Many people say a prenuptial agreement is an “anti-love” document; it’s “not romantic.” This may be true. Just Google the words “romantic” and “love” and you will find out that neither of these words alone defines a healthy, good or successful marriage. Now Google what makes a healthy, happy and successful marriage. You will find that while spouses may act romantic toward each other and love each other (which are admittedly important factors), these states of being are not enough to make a healthy marriage. There is much more involved, including building togetherness ̶ a partnership. This requires communication.
In my more than twenty years of practicing family law, I can share with you that many, many marriages fail as a result of dishonesty about money and finances; or, because a pure lack of information and sharing about money results in feeling the marriage lacks unity. And, while this has been my experience, the credit reporting agency, Experian, confirmed this in a recent survey which exposes the lack of information spouses share or know about each other’s financial picture: http://www.experian.com/blogs/ask-experian/2016/04/29/newlyweds-and-credit-survey-results/
It has always been my position that working together before marriage to openly discuss each other’s finances, including future expectations and values surrounding money, is a critical cornerstone to a healthy, happy and successful marriage. I also have always believed that a marriage is a partnership similar to a business relationship in that two people are coming together to build a life ̶ a family “organization.” Understanding how that will occur is critical and best documented because, as most of us know, memories fade.

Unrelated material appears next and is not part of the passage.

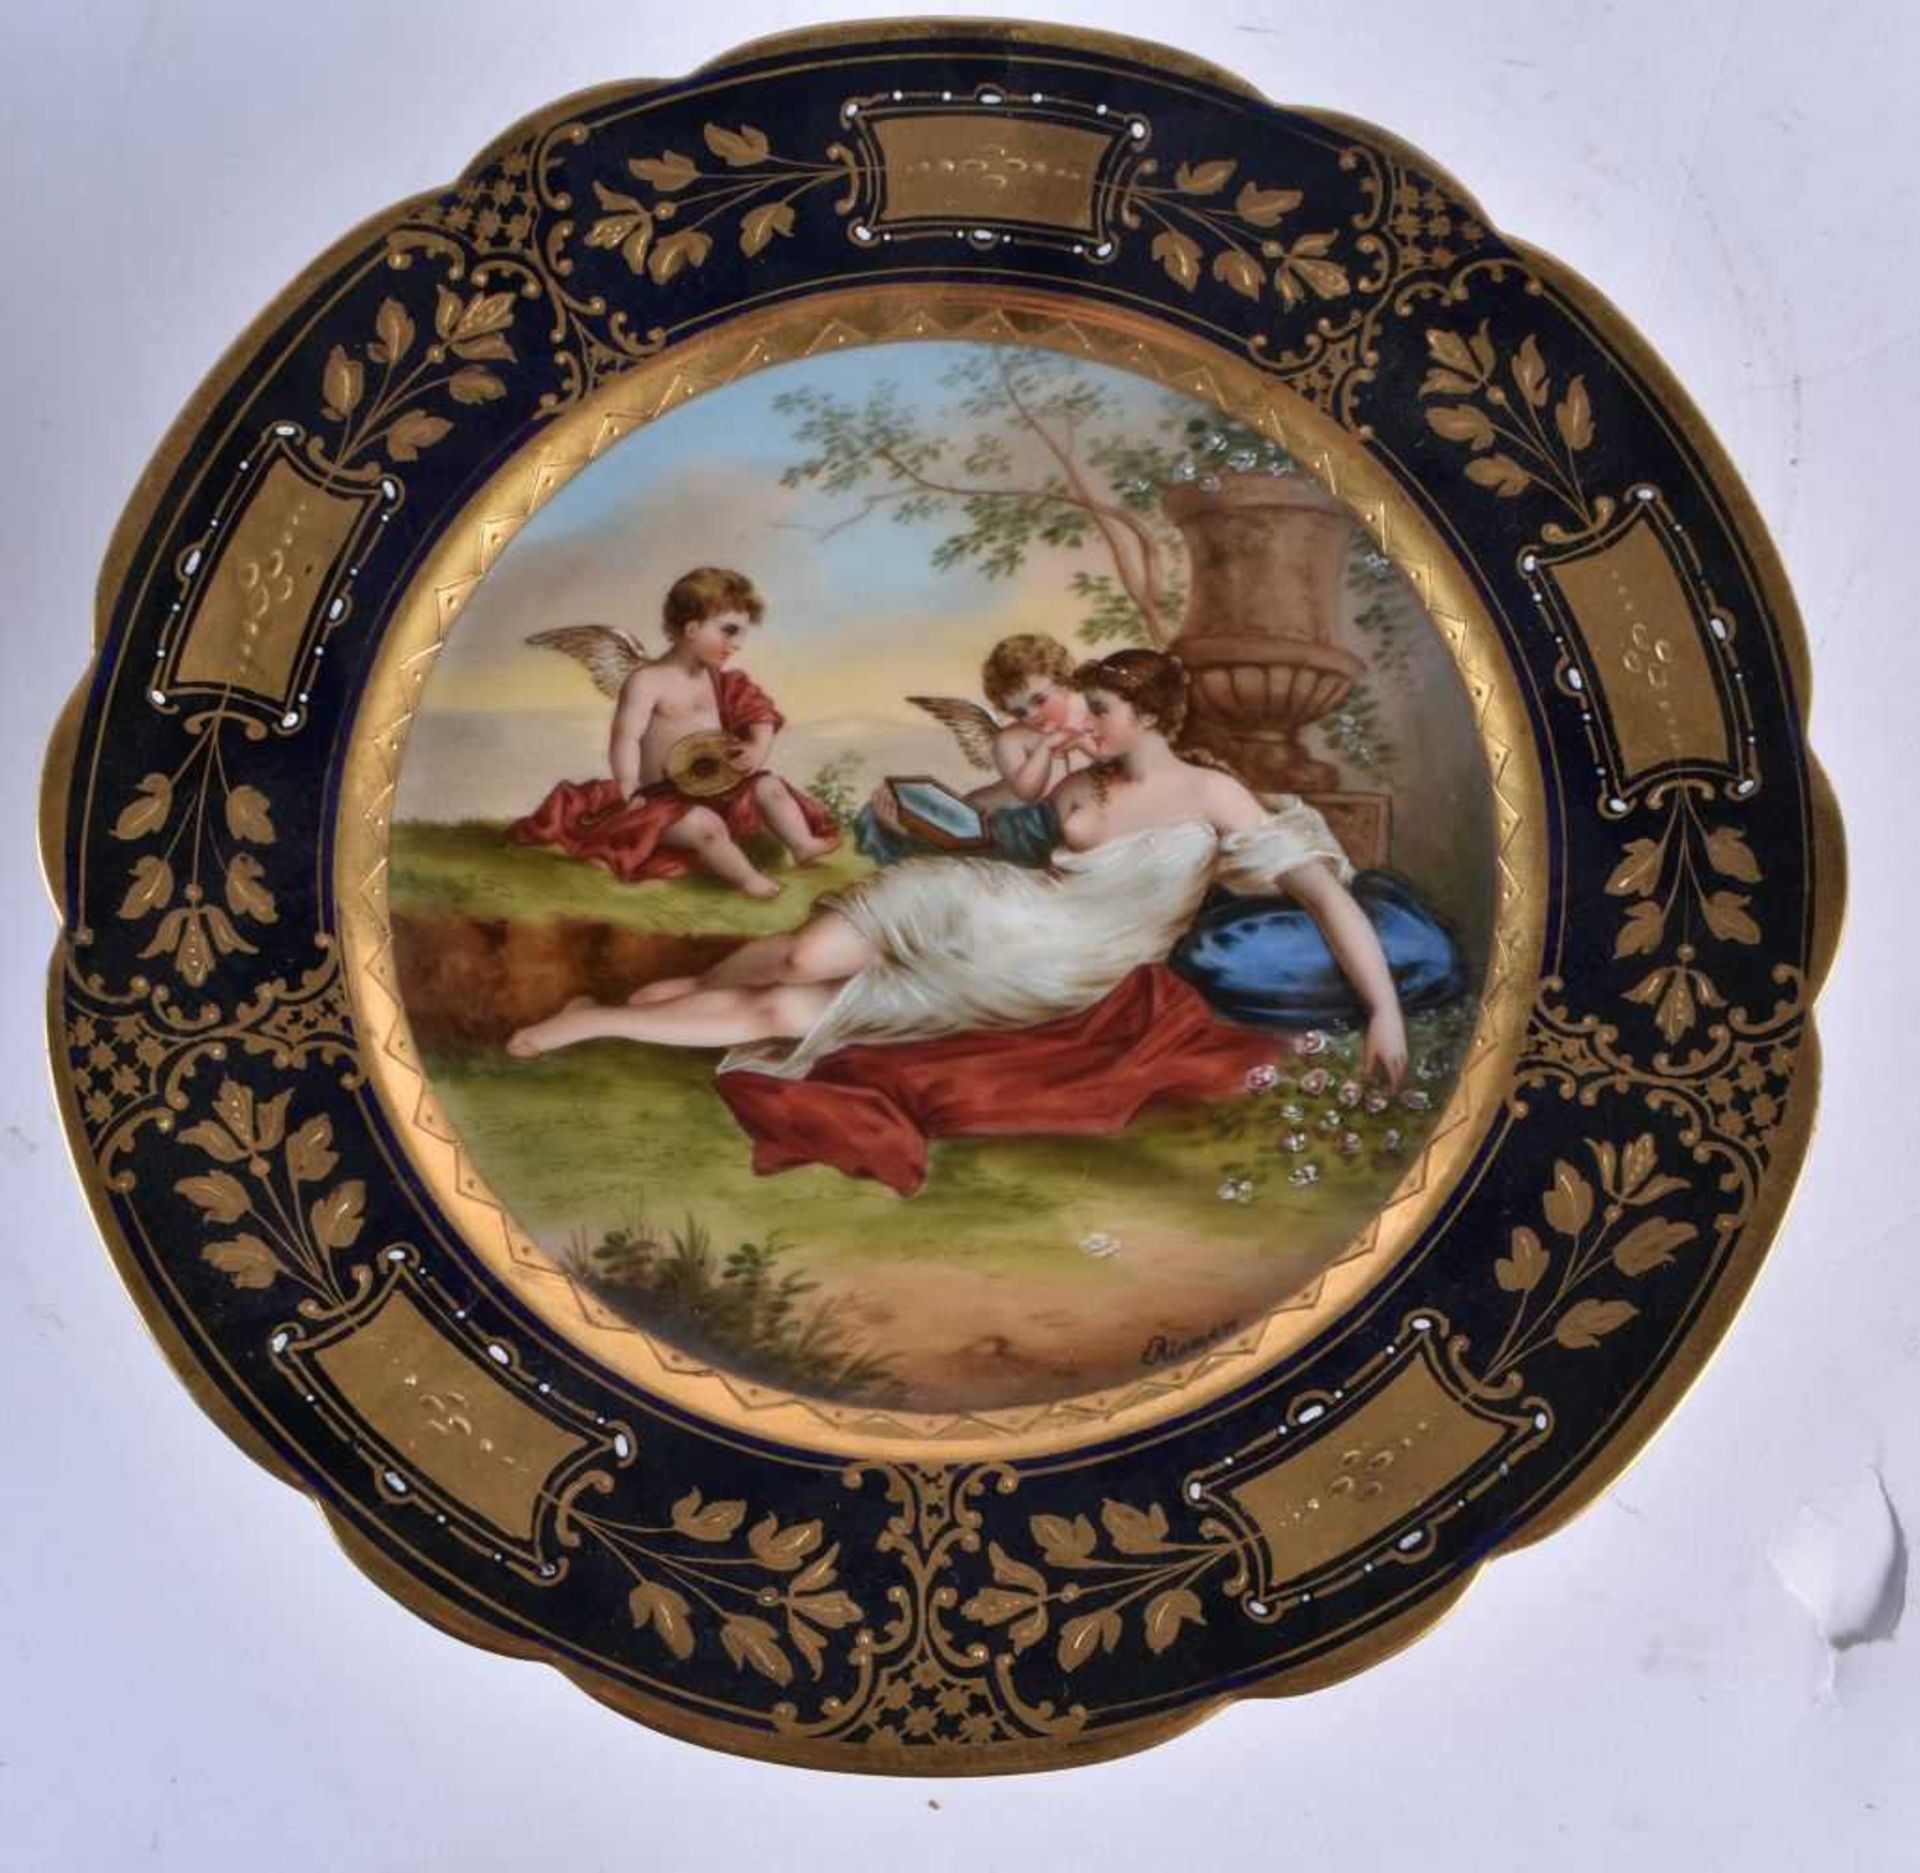 A GOOD EARLY 20TH CENTURY VIENNA PORCELAIN DESSERT SERVICE C1900 painted with figures and landscapes - Image 5 of 9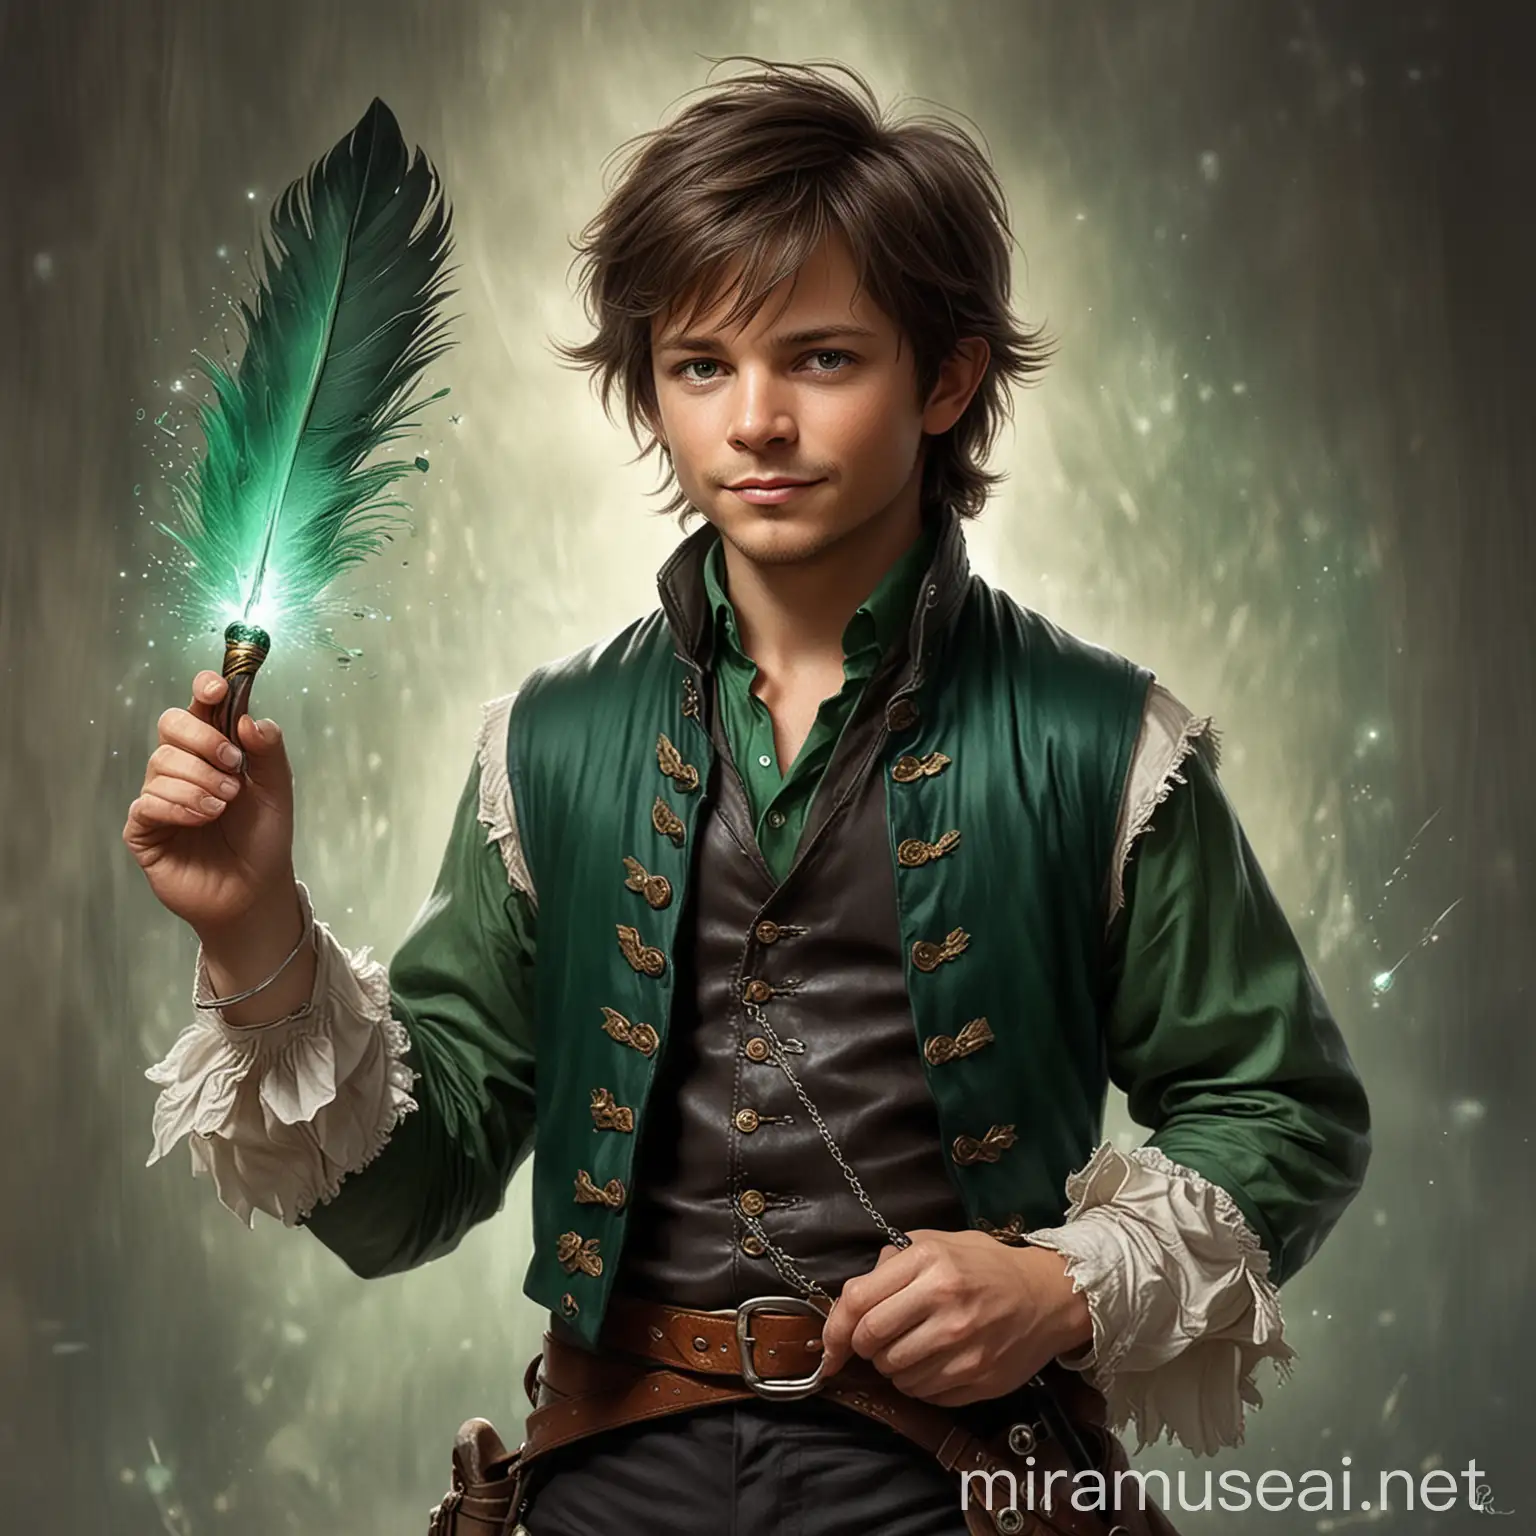 Cheerful Halfling Bard Poet with Emerald Feather in Magical Aura

Therefore, why not have an open and honest discussion about money and then document the understanding before entering a marriage? Most people would never think of entering into a business relationship without a partnership agreement. This is no different in marriage, just because the partners love each other.
So the question becomes, how does this happen? A prenuptial agreement is the best way to document a marital partnership. However, it is my strong belief that engaging in a process to arrive at an agreement, which includes a discussion about money, is crucial. This is why I believe in the mediation of a prenuptial agreement; this is a process by which the couple discusses money and expectations about money in a neutral setting, and what they agree upon is then documented. The real goal here is a “love document” – an agreement that is used as a tool during the marriage to guide the financial expectations of the spouses, which will hopefully avoid a divorce in the future. But if the couple ultimately does decide to end their marriage, a mediated prenuptial agreement is more likely to be enforceable and thus be used as the roadmap for a peaceful divorce.